The patience stressed by Rife is no joke as he proved by describing one of his achievements in micro-photography. A minute object-so hopelessly invisible to the eye as to be practically nonexistent is picked out from an organism under his micromanipulator. The selection of the object is made by means of a mechanical finger, which is the half of a very fine human hair, split down the center and secured in a controlling device of incredible delicacy.

The shred of substance, which is tiny even in comparison with the split hair, is place all by itself on a quartz slide, photographed and magnified 10,000 times to a diameter of three inches.

And the picking out of this speck in caparison with which the hairs on a gnat's wing are mountainous, takes about 18 hours.

His operations and structural experiment, performed on blood corpuscles or bacteria of any kind, are performed with this machine by the aid of an "operating chamber." This chamber is a drop of fluid, smeared on the UNDER side of a slip of quartz. Within this drop, which is more like smear, is suspended the "patient," and with quartz pipettes and dissecting needles Rife can shake half the nucleus out of a corpuscle as pretty as you please. Or he can stretch it, to test its resiliency. Or as he has just done, he can extract microbes from it.

REMARKABLE INSTRUMENT

Rife's refractometer, though less intelligible to the layman, probably is just as remarkable. Its virtue is best shown by a comparison with manufactured types, which register a maximum of one arc ratio with a 65-degree rotation. Rife's device, which he invented because he happened to need it, handles seven different ratios with arcs of 90 degrees each, in a 360-degree rotation.

Before he could work out his super-regenerative ray [Rife Machine consisting of the Colin B. Kennedy receivers model 110 and 281] it was necessary for him to work out a method for changing the polarization of vacuum tubes at will. He can switch them from negative to positive, and then back switch them back. That again, is something that is not being done in New York, Munich, Vienna, or anywhere else, he says.

One revolutionary idea after another followed in the evolution of this [Rife Machine] apparatus. In its final form the juice runs all around the room through one gadget or another, and finally feeds through a platinum electrode in a quartz tube [Ray tube] filled with helium gas. These are a few of the refinements that make it 17 times as penetrating as x-ray.

Minor details of his achievements are perhaps more astonishing, than the achievements themselves, because they are more readily comprehended. A light for illuminating subjects on a slide, for instance, contains a 21 - candlepower automobile headlight bulb. This little spark is built up in a cylinder three inches long and two inches in girth, to a beam whose power is 2000 candlepower cold light.

CULTURE APPARATUS

Another of his productions is the anaerobic culture apparatus, with whose help a culture can be studied in a vacuum or under pressure, with or without free oxygen, without disturbing the culture or troubling more than twist of a couple of valves and the strokes of a piston.
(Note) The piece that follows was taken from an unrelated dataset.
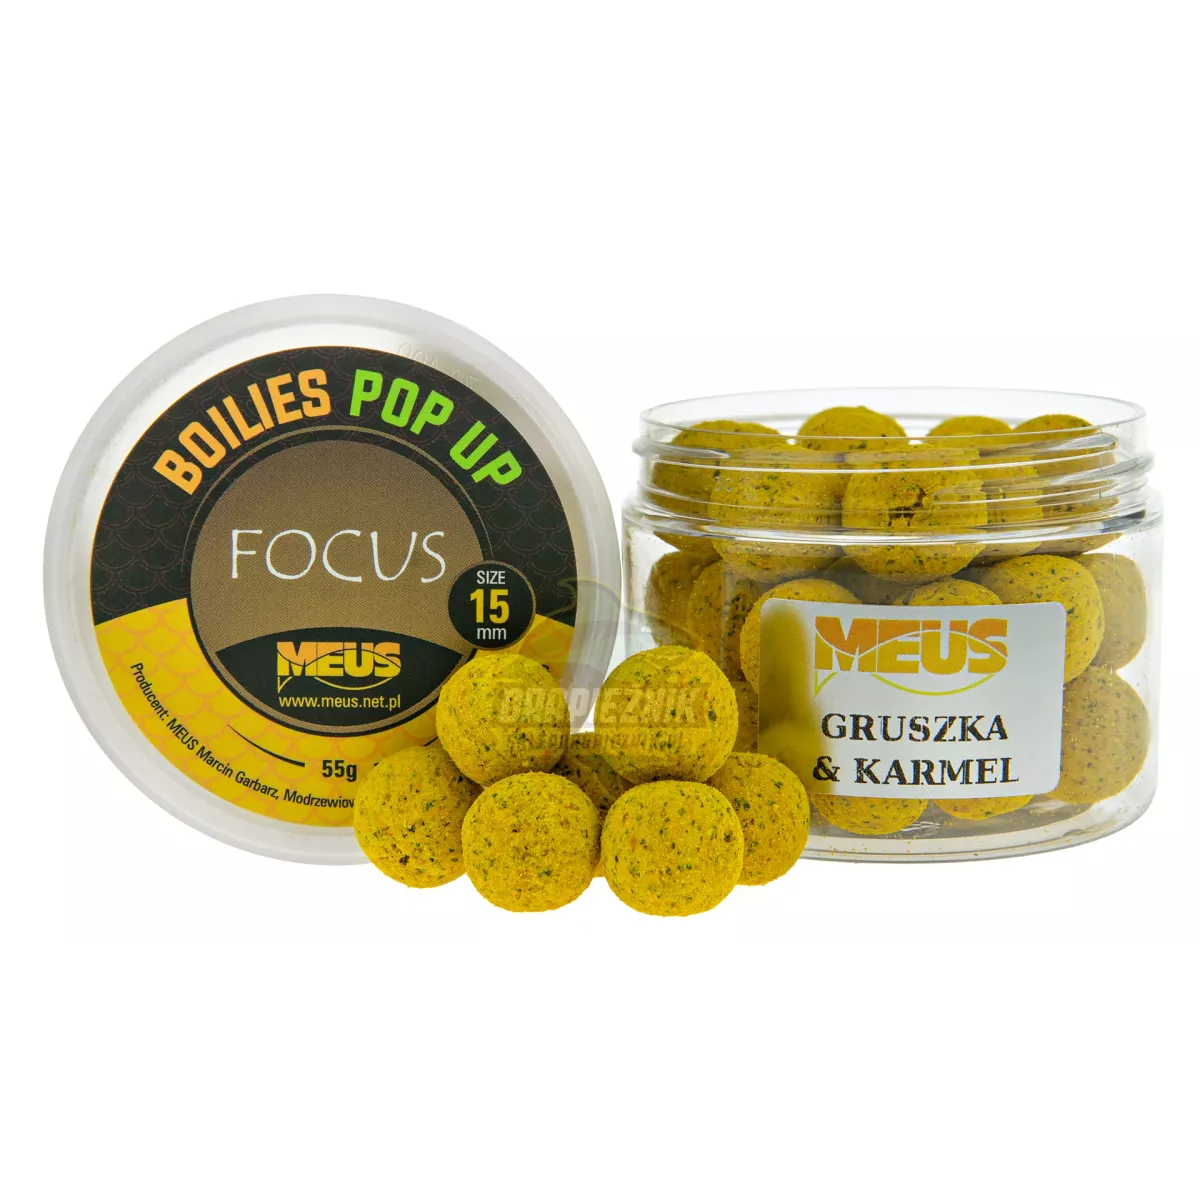 Kulki MEUS Focus POP-UP na włos 15mm - Gruszka & Karmel

Effects of various conditions on cell structure may in this way be determined without difficulty.

An article of readable length can only scratch the surface of Rife's experiments and achievements, even without going into those which can be comprehended only by a mind trained in bacteriology and kindred sciences.
Rife himself has been persuaded to contribute more specialized articles on various experiments, which, it is panned, will appear from time to time in the Union.